Well, I mean, it's it, you know, there's actually no secret to it, it's just called editorial standards. This is what every newsroom has, and hopefully always will, which is that you want to be, you want to make sure that you're not putting things out of context, you want to make sure that you're delivering accurate information. And you have a process by which if you get it wrong, you acknowledge that and you correct it. That's, you know, those are basic editorial standards that, you know, all good journalists live by. And that's certainly what we do. You know, there is a rather, I should say, there has been a drift in a lot of newsrooms toward putting stuff out there that, you know, as the higher probability of going viral, right of getting people to click on it up getting more attention. There are many news outlets that, you know, most of the views that they get are of, you know, Zamboni is on fire on, you know, driving aimlessly around ice rinks, you know, and, and you have to ask yourself, what are you doing to your, you know, journalistic credibility, if that's how, you know, you're reporting the news. And, you know, local news, for example, you know, what's the biggest Maxim of local news, if it bleeds, it leads, right? If it burns, it earns, right. And so this is not new, this sort of tendency to go for whatever is the most outrageous video, but what we try to do is actually earn our attention by the point of view and voice that we have, as opposed to by the sort of fabulousness of the particular video itself.
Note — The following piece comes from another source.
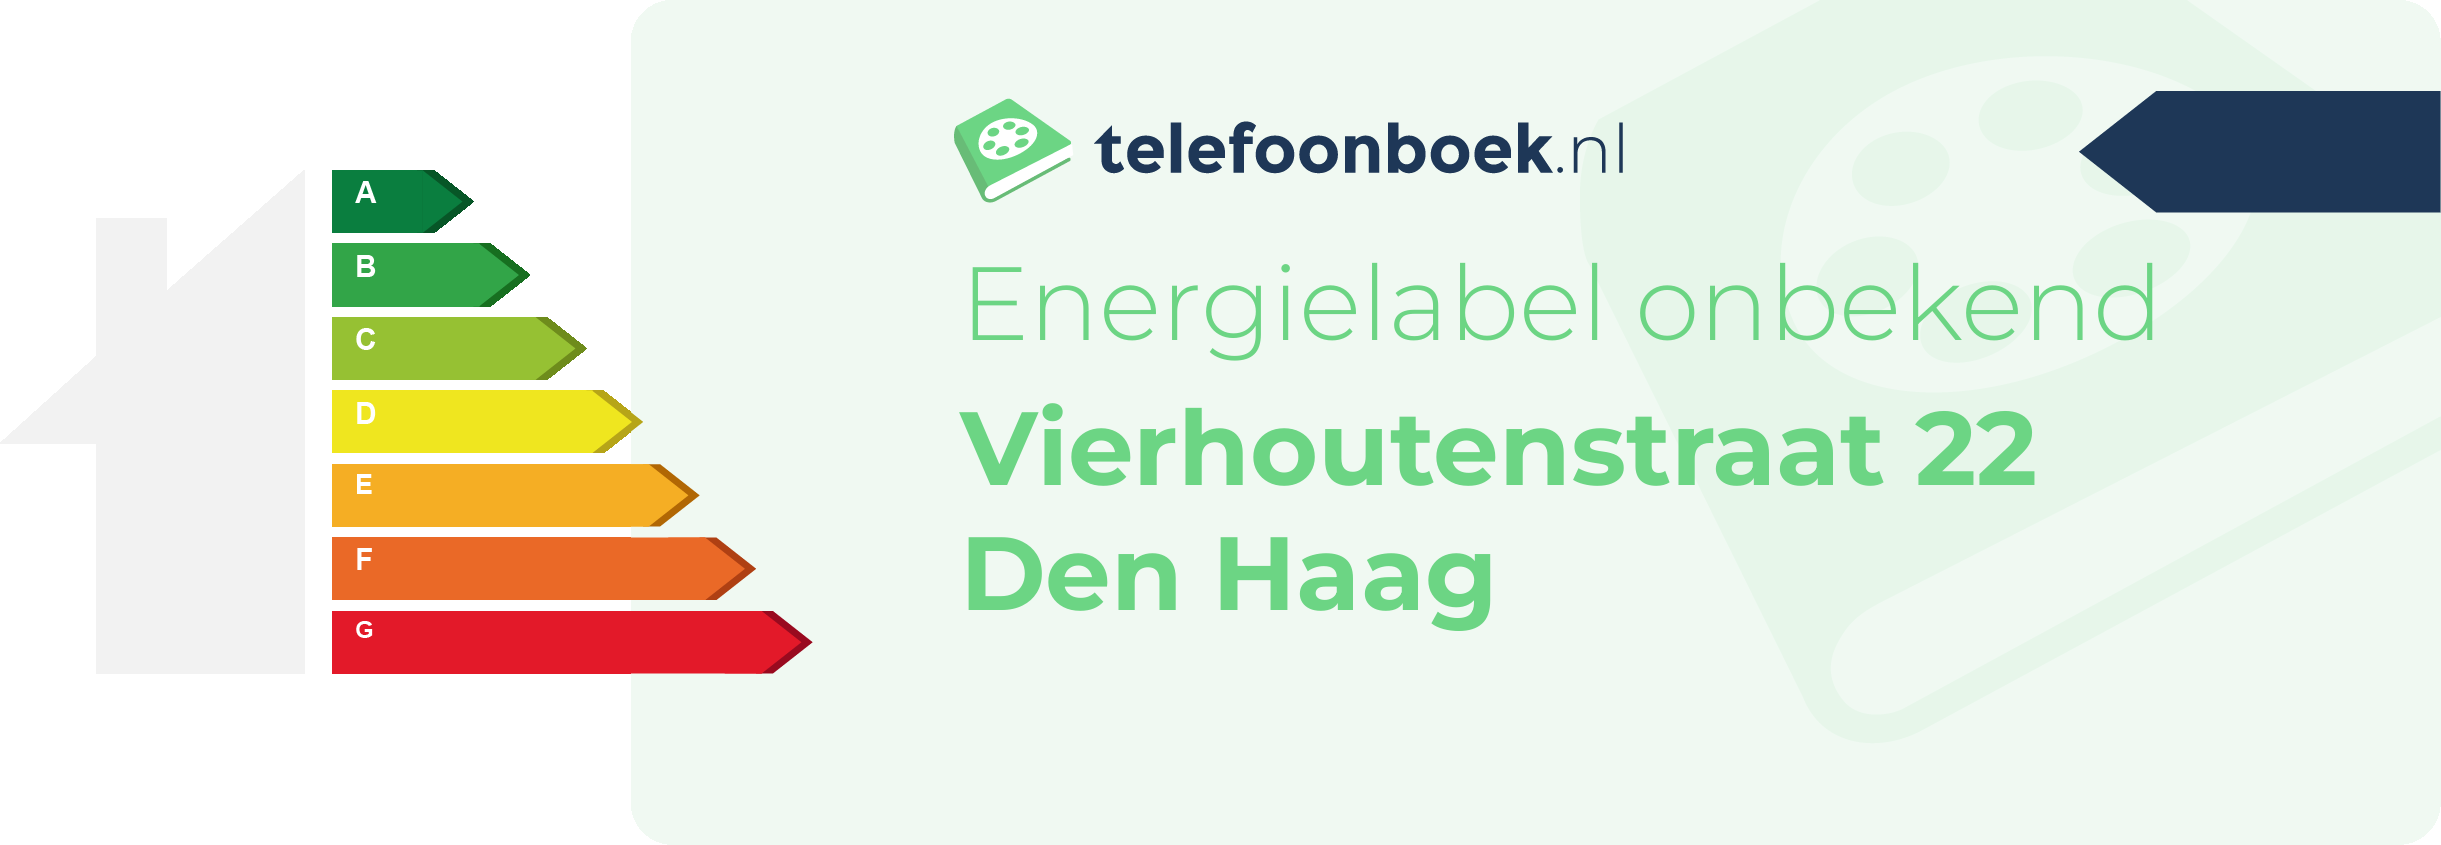 Energielabel Vierhoutenstraat 22 Den Haag

Have you guys had to withdraw something that you later learned, you know, didn't tell the full story or, you know, to knock wood? Not yet? Yeah,
we're young yet I'm sure we have many mistakes ahead of us.
What are other organizations that you admire other media organizations today that you know where you you feel like they're innovating, or just we're just really sad, you know, doing solid execution that you consider, you know, peers in as at recount with what you're building?
Well, in video, I'm a fan of a lot of organizations, ITV and BBC, out of the UK, are both, you know, great journalistic organizations with a lot of resources and the willingness to try new things. I'm a big fan of vice and a lot of the documentary work that they That's been done there. As it relates to form and format, I think some of the publishers who built their, you know, base in newsletters are now in an analogous way doing in text, what we are doing to video, right. I mean, people don't have the time to read 15 or 20 long form pieces every day. But we know there are 15 to 20 really important long form pieces that are written every day, but you don't have the time to essentially read 50,000 words a day, you can just read an axios newsletter, right? Or a political newsletter. And I think that, you know, that kind of journalism, where you're aggregating, curating, adding, you know, your own voice and point of view and saving people time, that's a really important set of skills to develop as editors and journalists, in, in the era of too much information, information overload, and not enough time, time, famine, and all of us as creatures of, you know, essentially, a scarce, you know, commodity, which is attention, our attention. I think that any company or any journalist, journalistic organization that acts as a time machine, you know, that saves time for somebody has a better chance of succeeding. And that's certainly our mission, that's the mission of a lot of the great organizations that that I just mentioned.
Yeah, I, I'm interested in, you know, as you're consuming less of a person's attention, and perhaps fulfilling their their need for news consumption, just taking news as one category, how that plays into monetization and lifetime value. And and I think you're, you're in a really, you have a really great background, because you are both have a background as a journalist, but also, what have driven monetization for, you know, for journalists and independent writers, going back 20 years, so you, you know, both sides of the of that coin. So why don't we, if we could talk about monetization a little bit? How do you think about monetization at at the recount? And, you know, perhaps like, how do you compare that to the way, you know, CNN monetizes a viewer, for example?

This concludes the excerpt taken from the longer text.